(Beginning of Dataset excerpt)
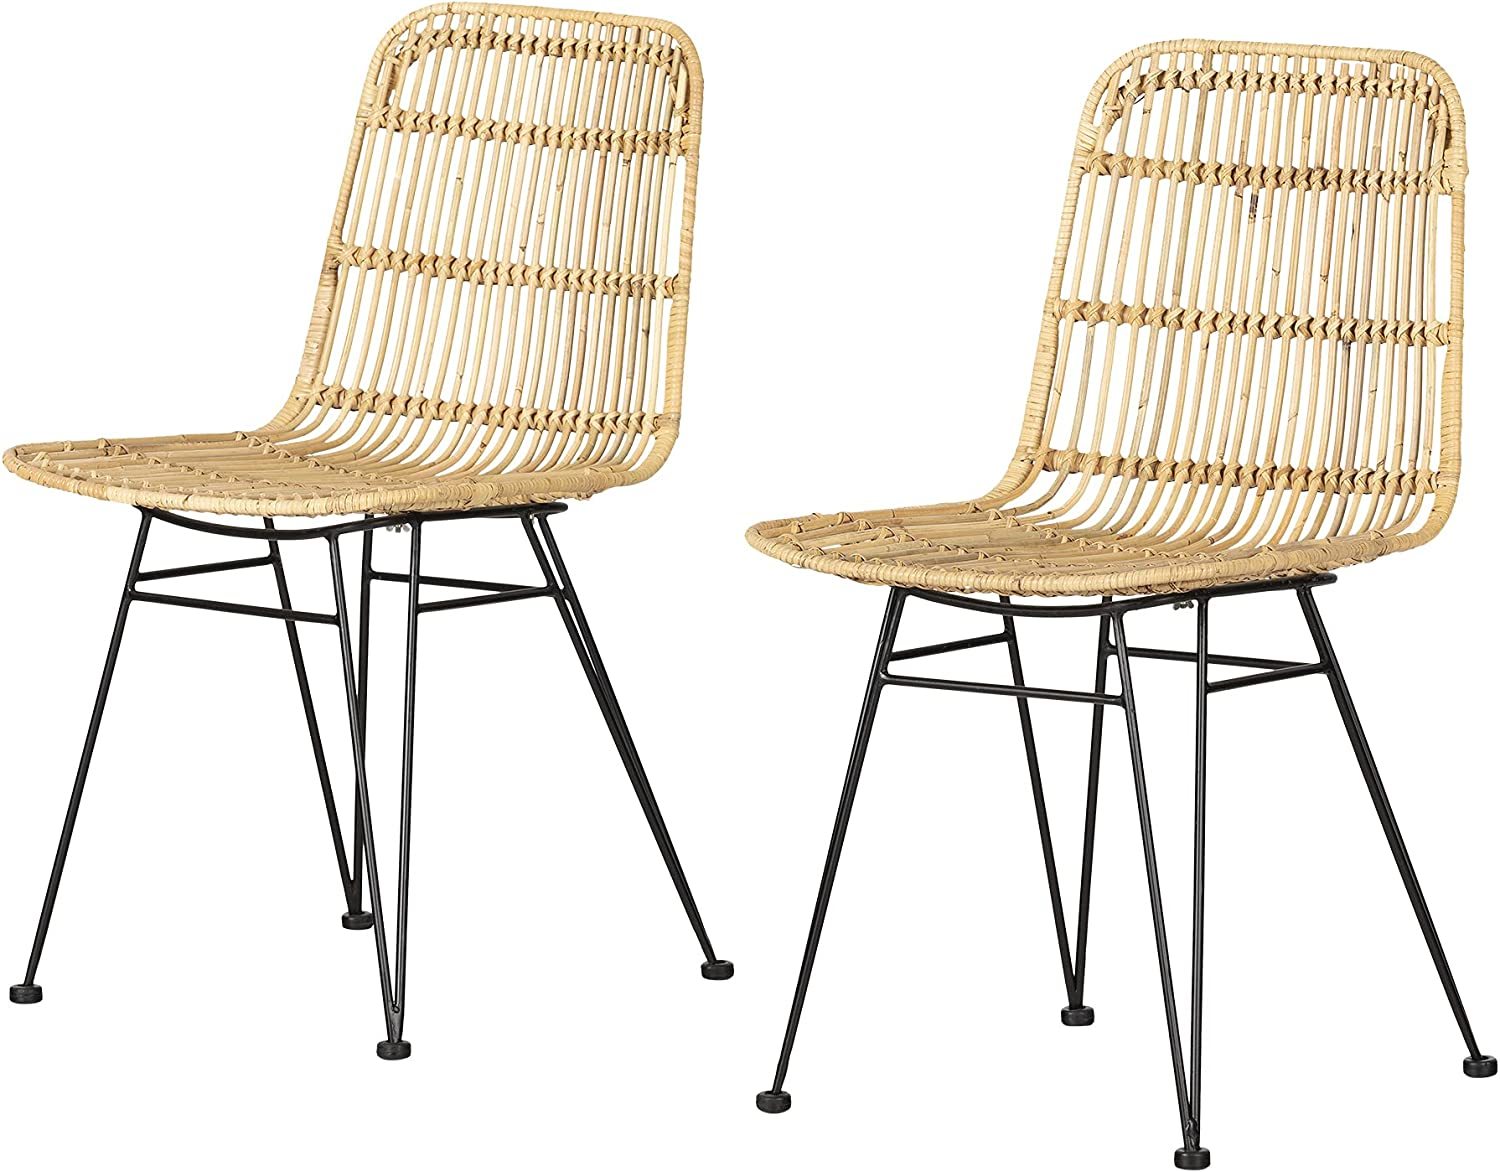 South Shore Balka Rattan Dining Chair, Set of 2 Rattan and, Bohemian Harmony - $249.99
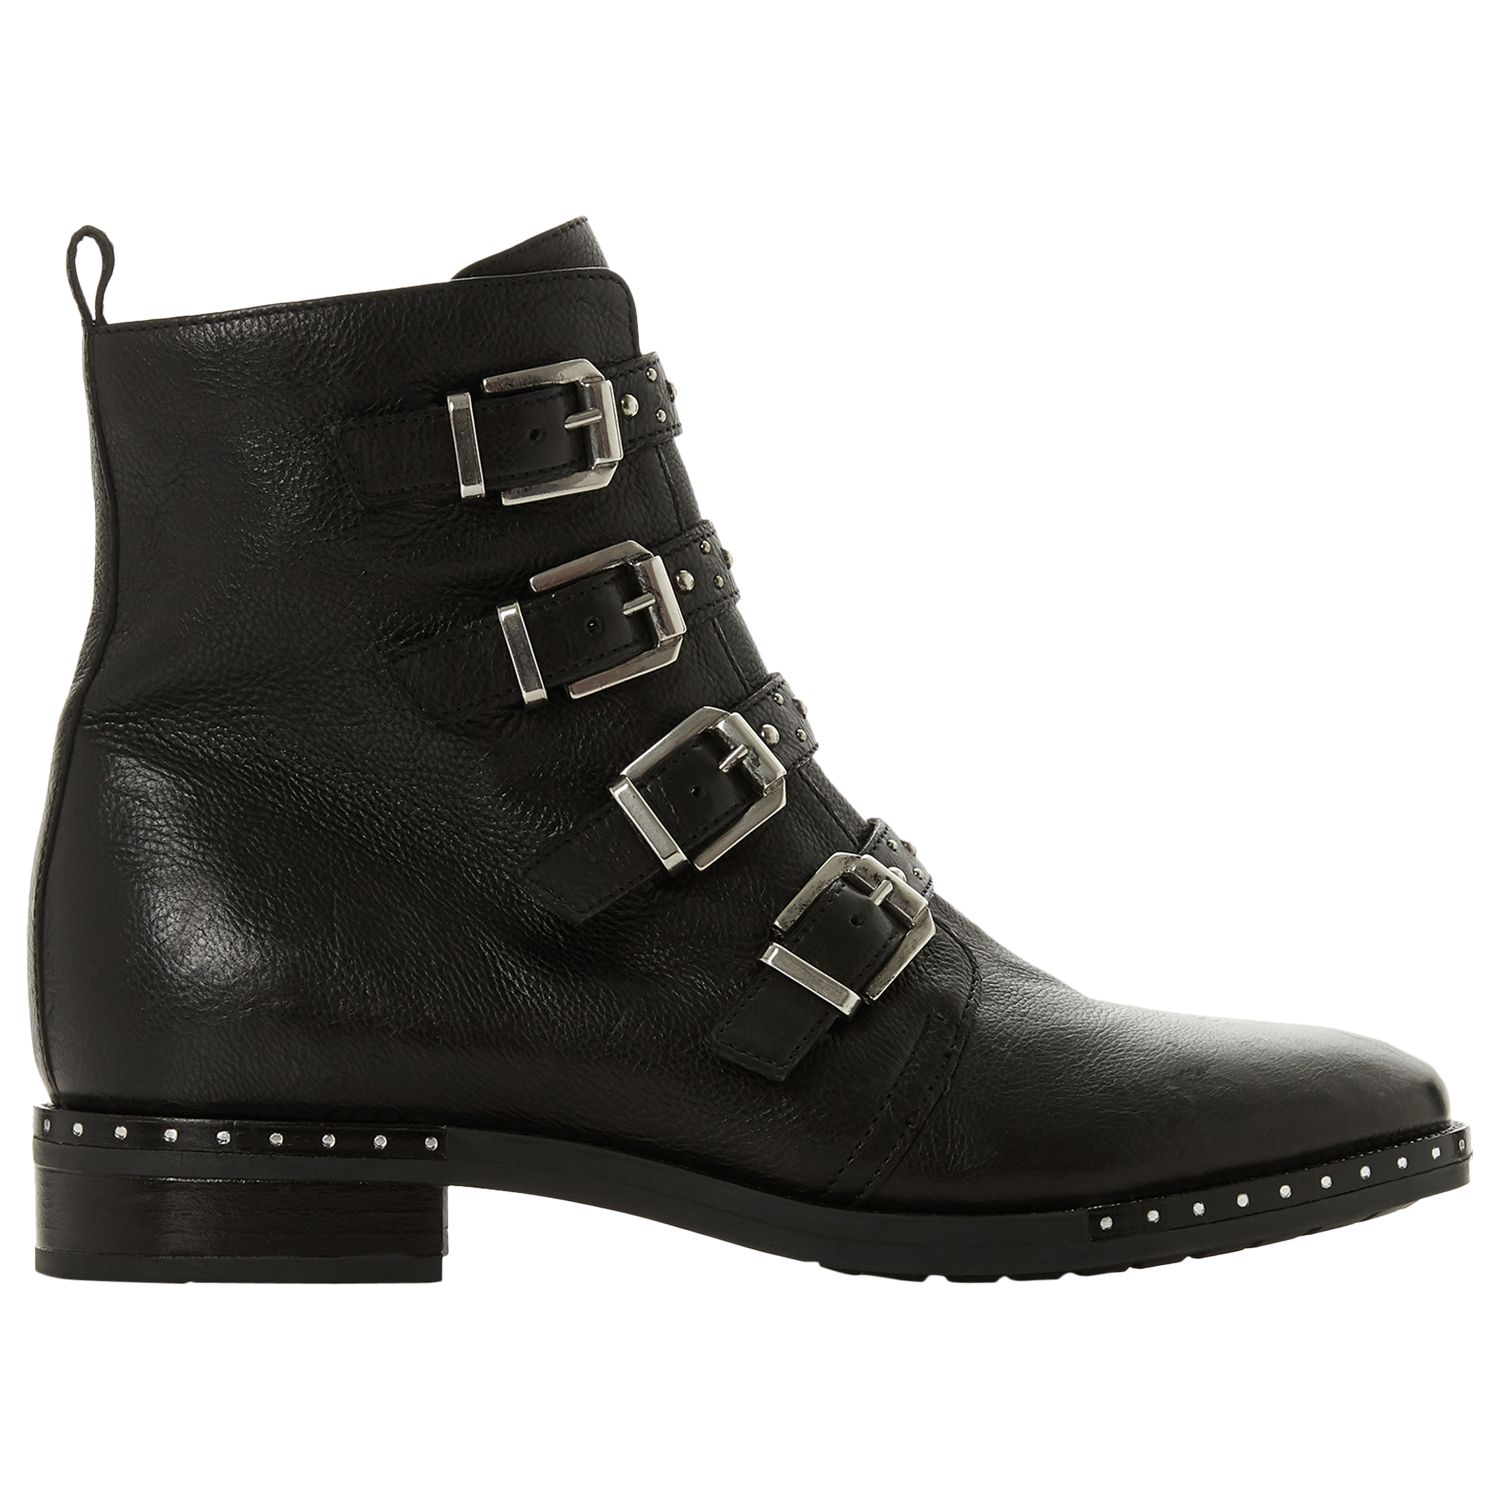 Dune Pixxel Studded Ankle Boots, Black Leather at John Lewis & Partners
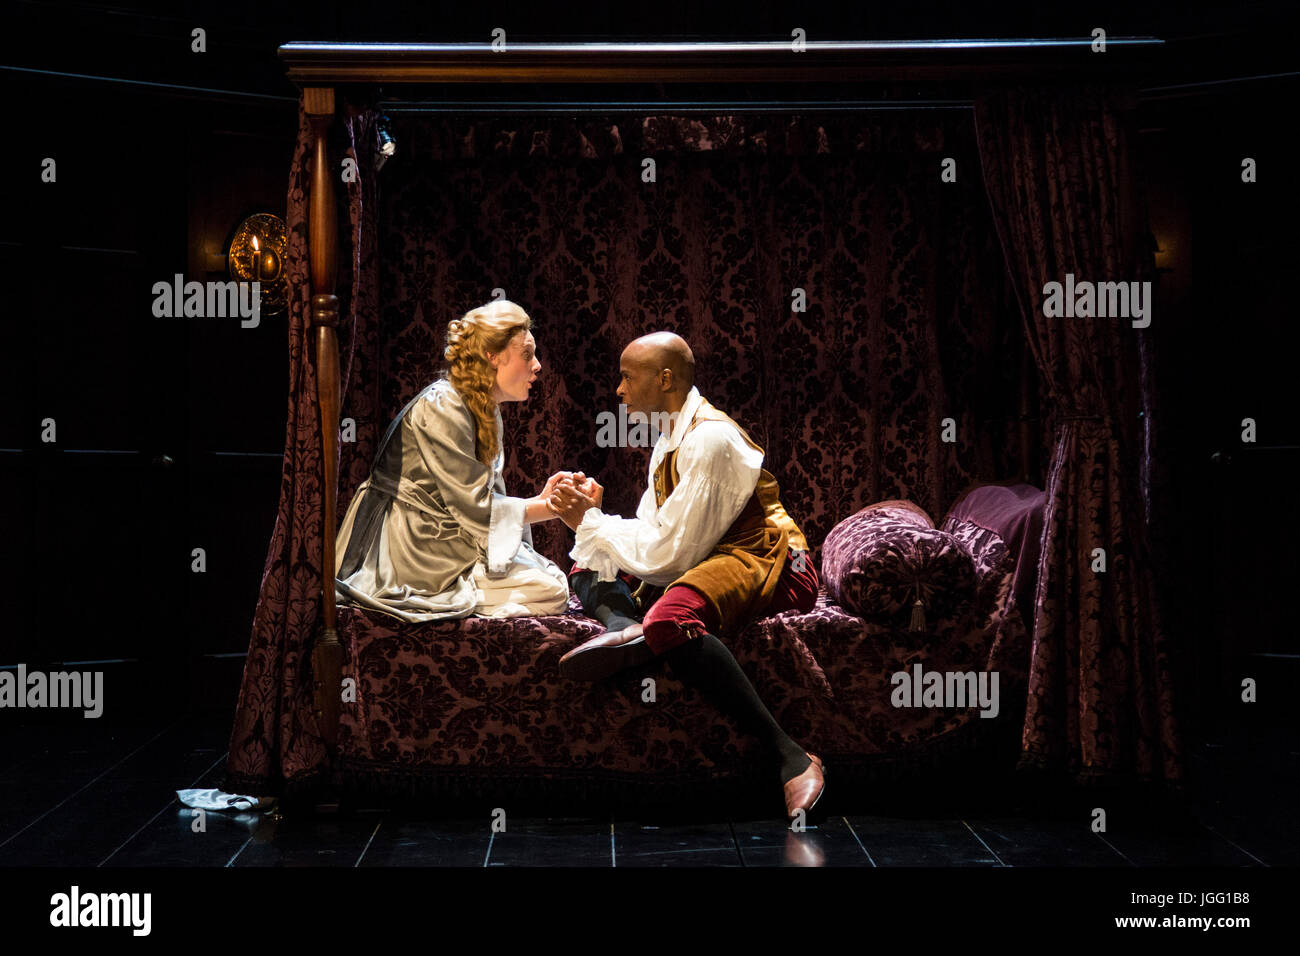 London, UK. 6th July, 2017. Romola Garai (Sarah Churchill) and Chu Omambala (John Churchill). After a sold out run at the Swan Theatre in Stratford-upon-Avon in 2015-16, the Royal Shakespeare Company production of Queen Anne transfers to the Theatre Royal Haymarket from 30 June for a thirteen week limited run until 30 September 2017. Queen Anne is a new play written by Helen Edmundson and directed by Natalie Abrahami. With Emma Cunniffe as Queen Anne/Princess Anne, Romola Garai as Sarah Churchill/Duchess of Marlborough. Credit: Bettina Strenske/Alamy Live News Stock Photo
(End of Dataset excerpt)
◆ Aim of the exercise:
Please restate the material above line by line, exactly, beginning at its first line and ending with the line that contains "Dune Pixxel Studded", without any pictures.

◆ Response to this task:
 South Shore Balka Rattan Dining Chair, Set of 2 Rattan and, Bohemian Harmony - $249.99
 Dune Pixxel Studded Ankle Boots, Black Leather at John Lewis & Partners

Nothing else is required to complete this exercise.